**Exercise data**
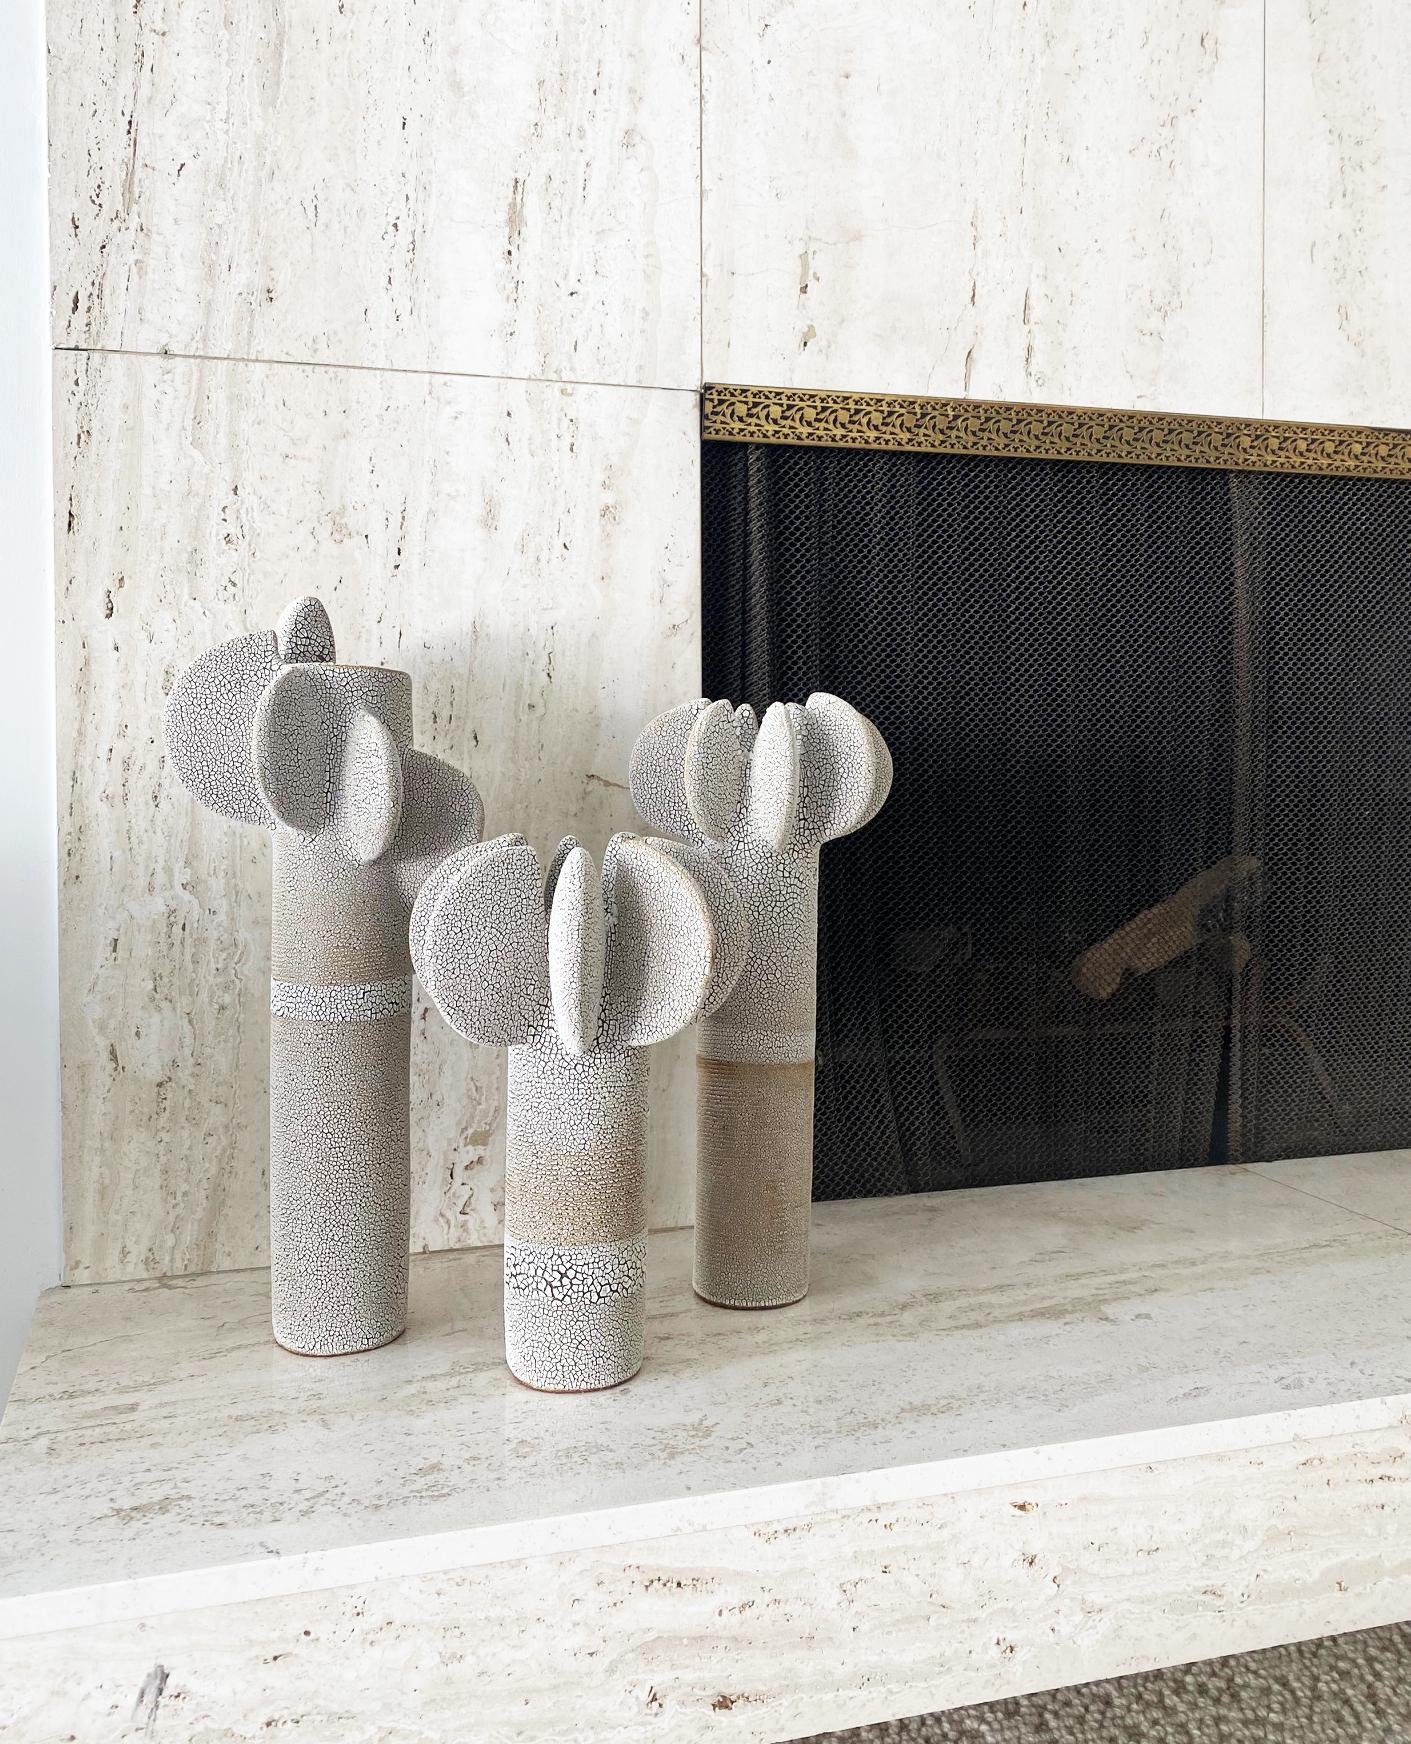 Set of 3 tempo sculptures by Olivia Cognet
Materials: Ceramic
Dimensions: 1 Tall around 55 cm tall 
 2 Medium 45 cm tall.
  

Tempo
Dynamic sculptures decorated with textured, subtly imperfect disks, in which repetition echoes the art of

---

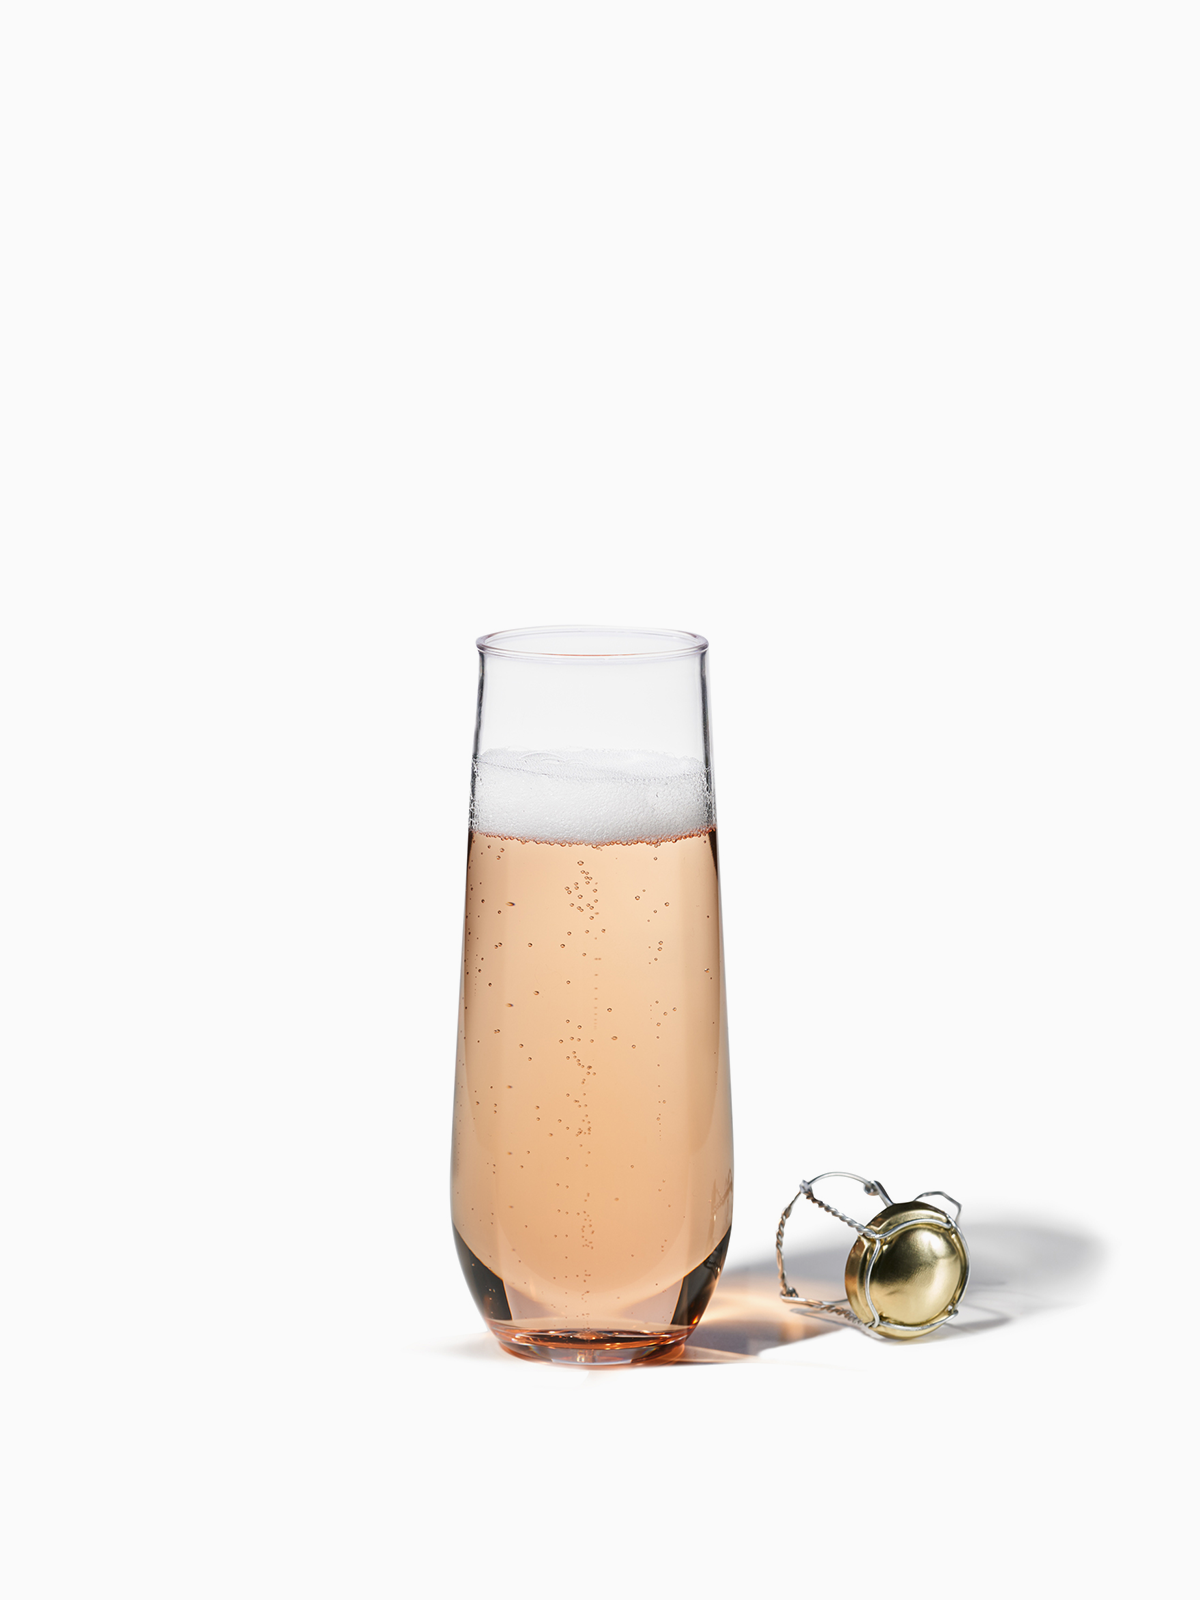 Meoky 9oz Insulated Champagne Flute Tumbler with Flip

**What to produce**
For this exercise, repeat exactly the lines of the data above from the one with "2 Medium 45 cm tall." down to the one with "Dynamic sculptures decorated", both end lines included.

**Answer to this exercise**
 2 Medium 45 cm tall.
  

Tempo
Dynamic sculptures decorated with textured, subtly imperfect disks, in which repetition echoes the art of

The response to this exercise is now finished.